Елена Хаецкая
Судья Неподкупный
Если выпало в Империи родиться,
лучше жить в глухой провинции у моря.
Иосиф Бродский
Аткаль был рабом Хаммаку. Так, во всяком случае, значилось по таблицам.
Ибо официальные документы составлялись на глиняных таблицах, как повелось исстари. Только потом уже данные передавались в компьютерную службу городской информации.

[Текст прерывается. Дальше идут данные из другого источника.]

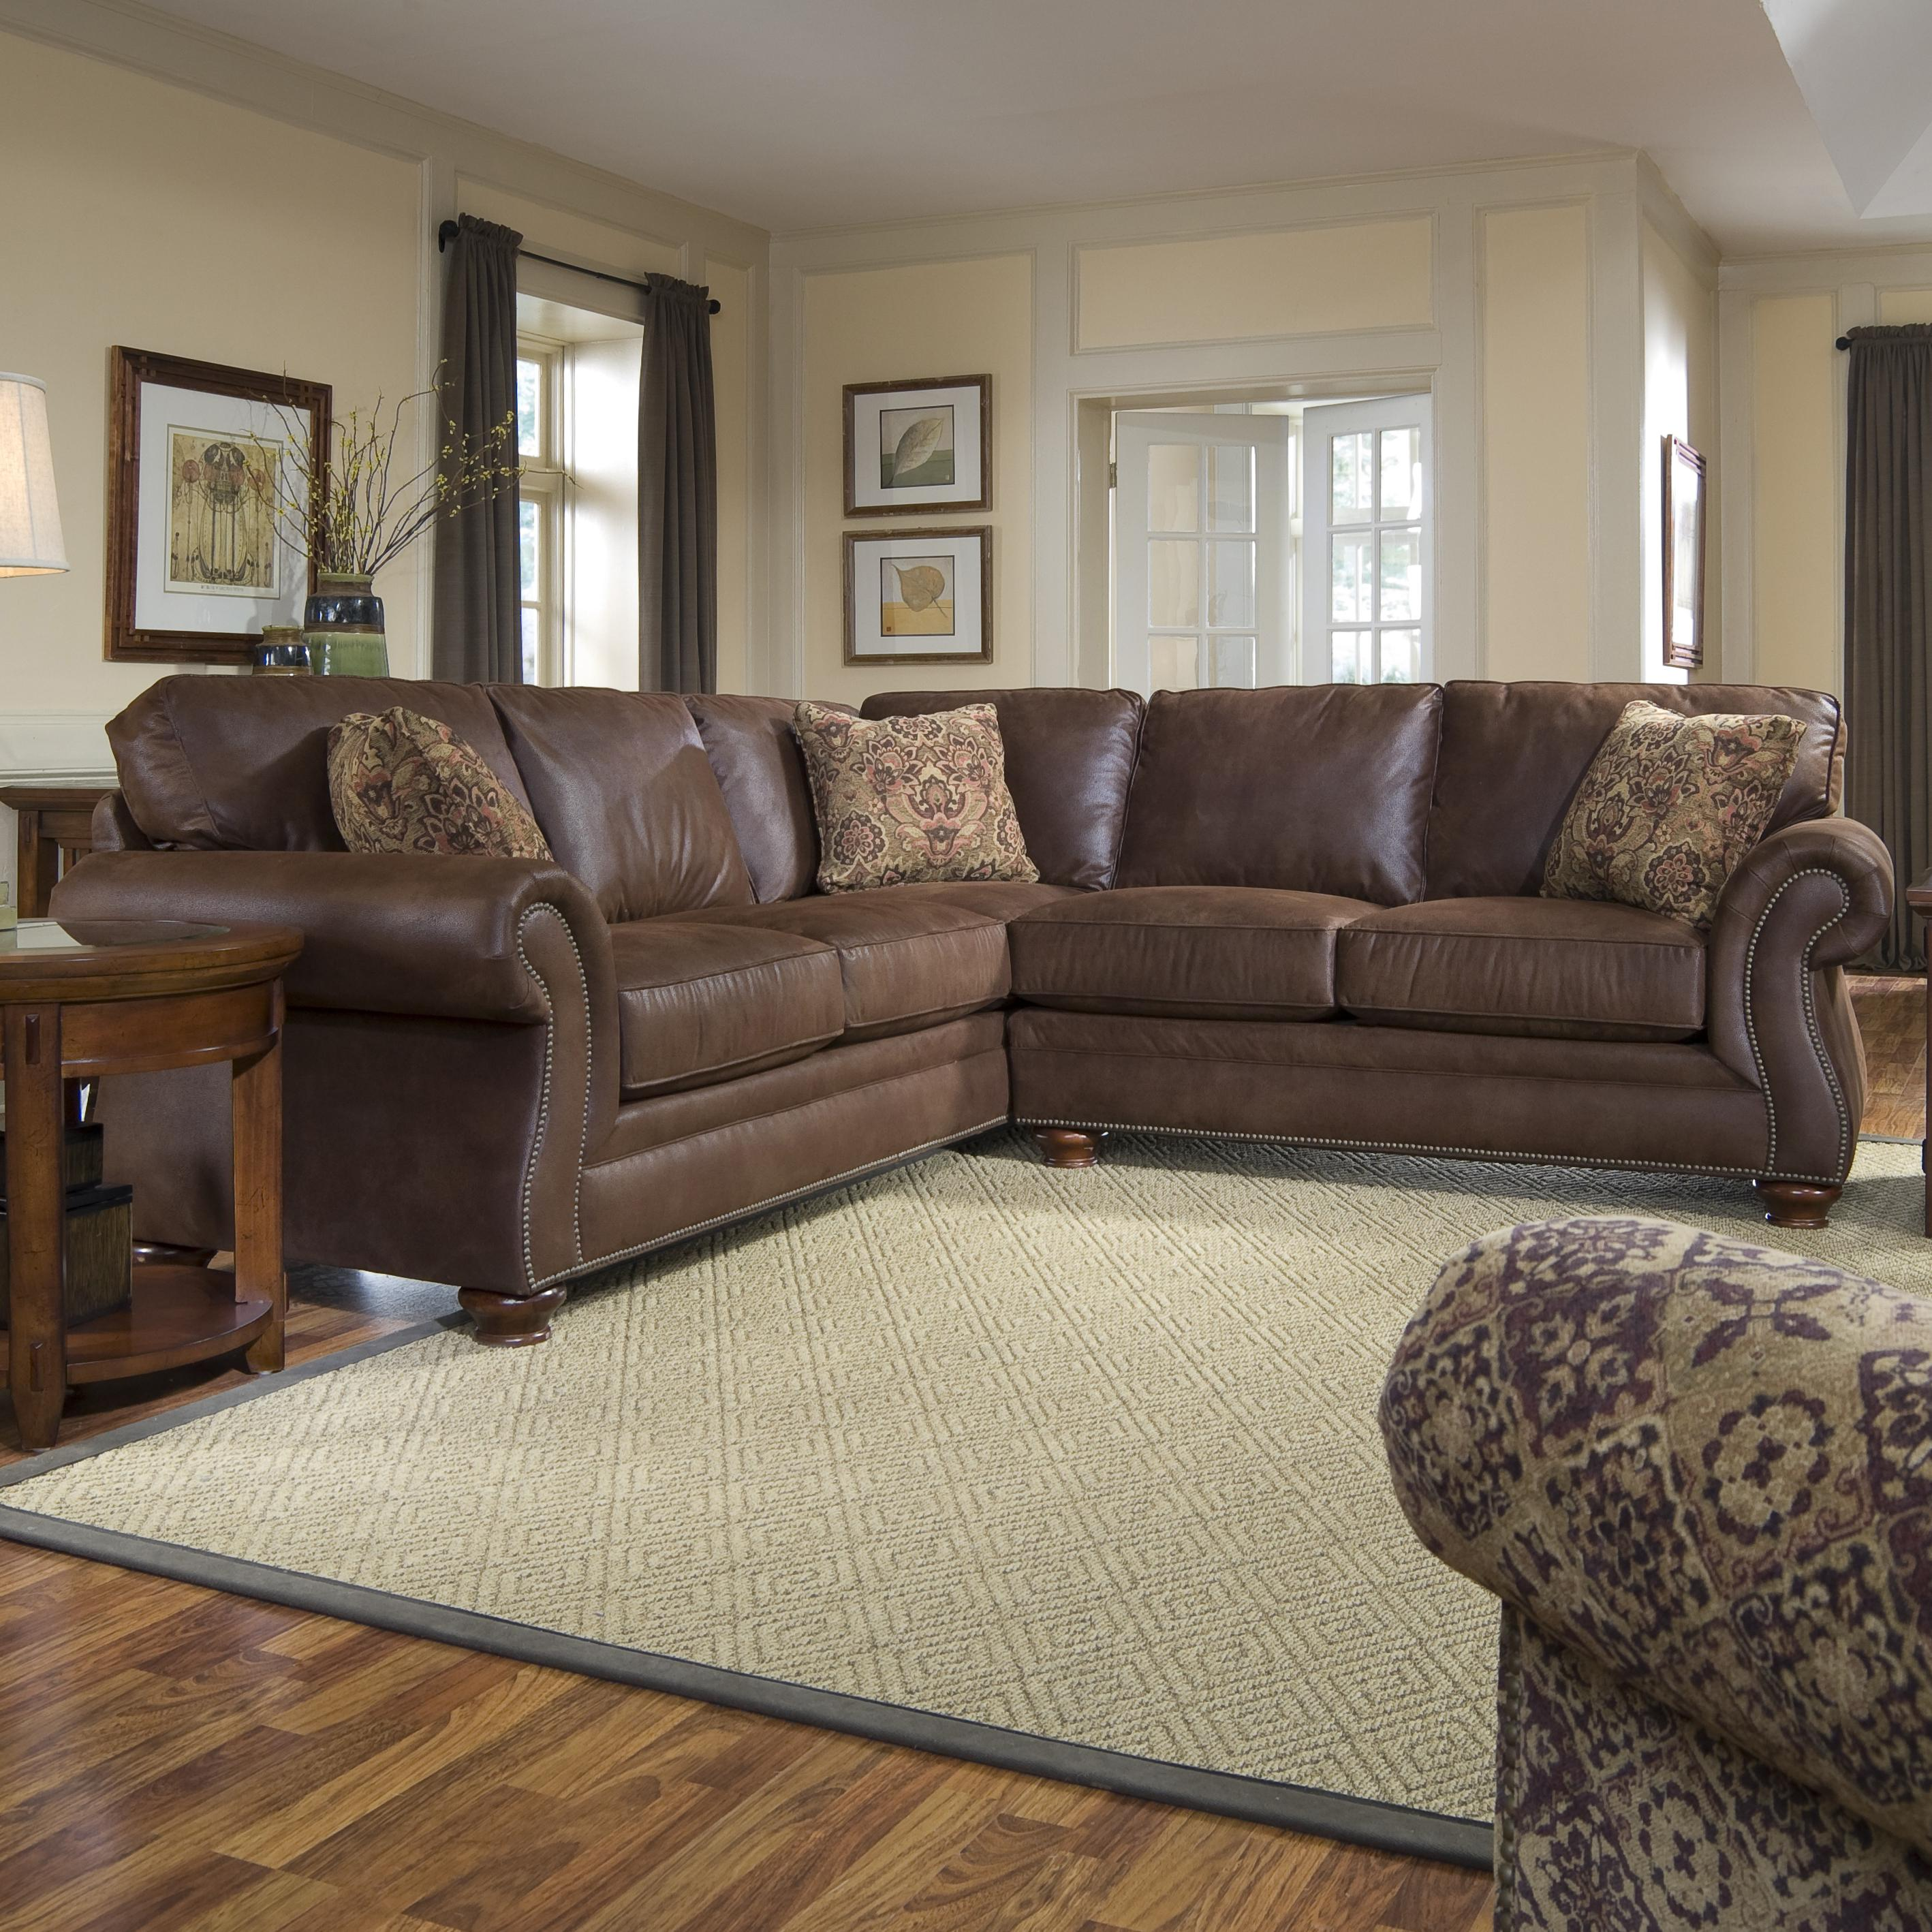 laramie sofa reviews conditioner for leather broyhill sleeper energywarden
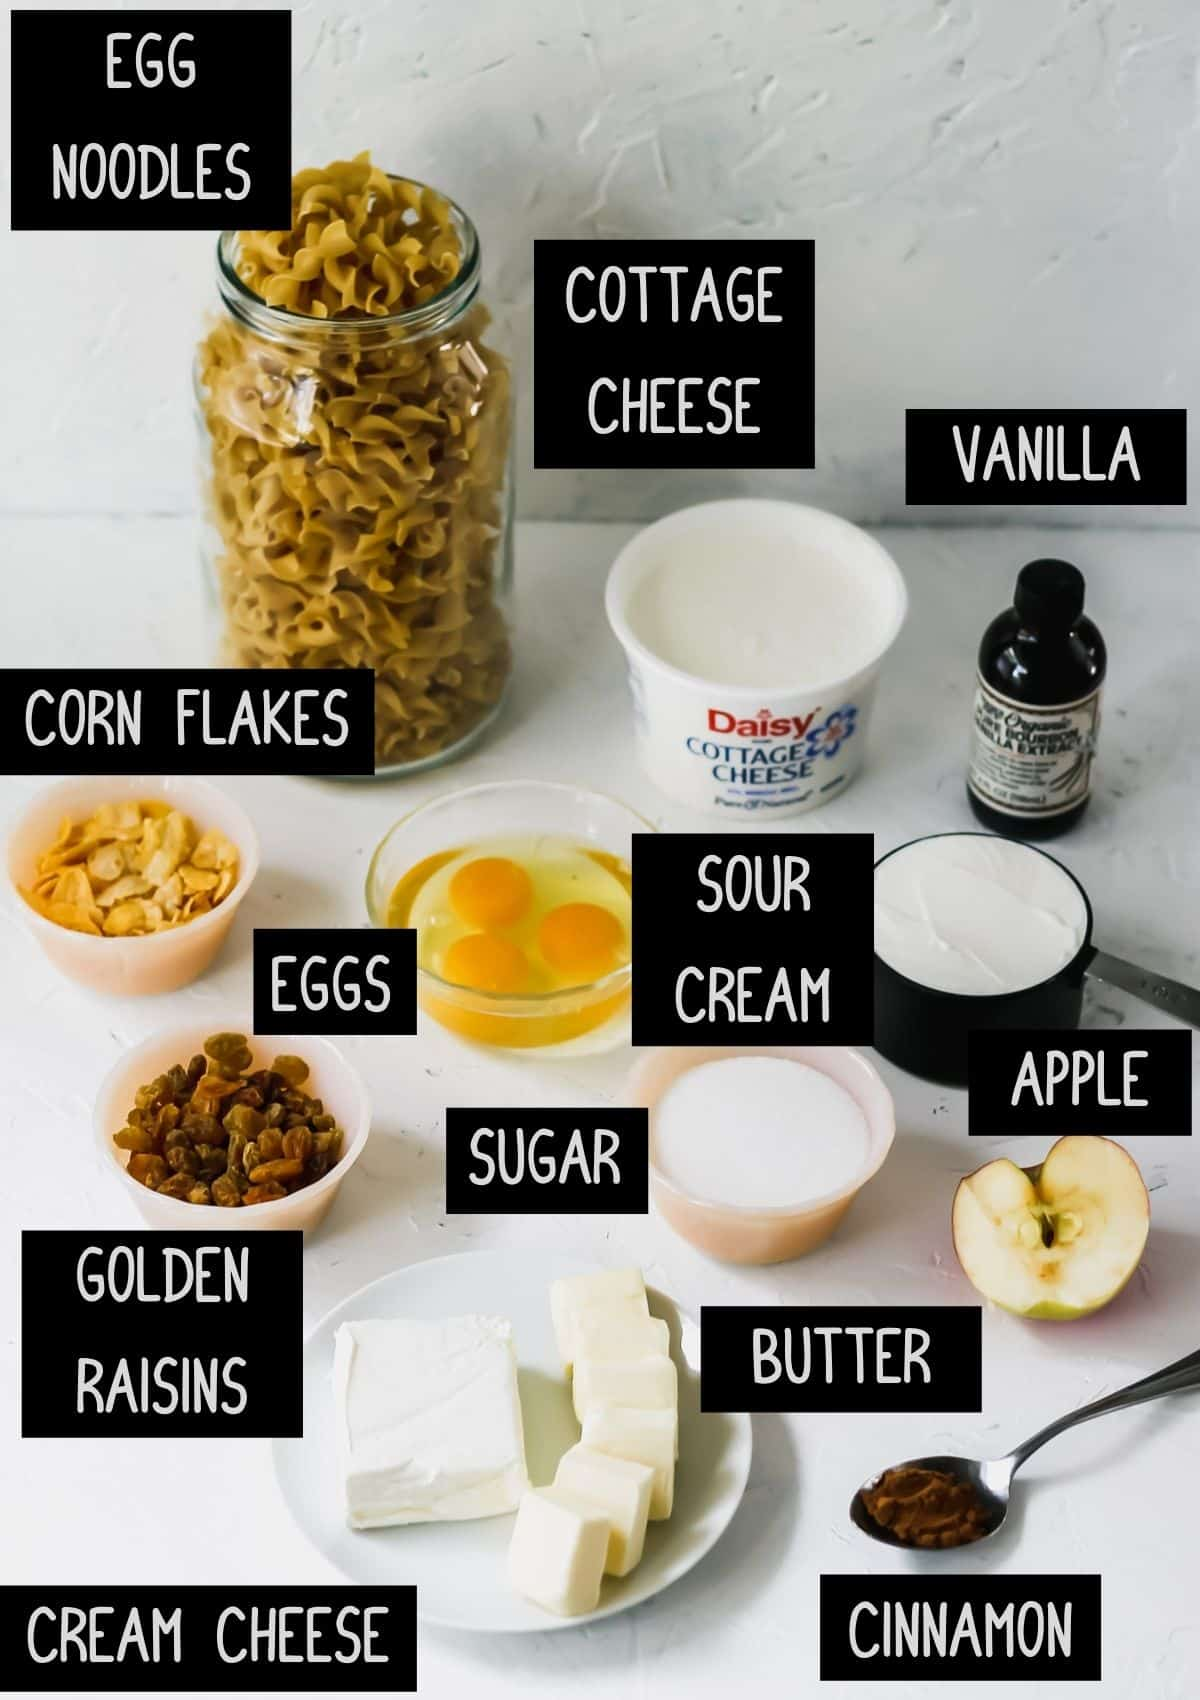 Labelled ingredients for cinnamon apple noodle kugel (see recipe for details).

Но компьютер компьютером, а богов гневить незачем. Скучные, неизобретательные люди – граждане Сиппара. Консервативные. Да и службу-то информационную завели в городе на пятнадцать лет позже, чем появилась она в Вавилоне. Все артачились отцы города, берегли городскую казну, и без того сильно разворованную.
По этим самым таблицам выходило, что Аткаль учтен был по долговым обязательствам его родителей; тогда же была определена цена ему – 25 сиклей немаркированного серебра. Таким-то образом и перешел малолетний Аткаль в собственность госпожи Китинну, матери Хаммаку.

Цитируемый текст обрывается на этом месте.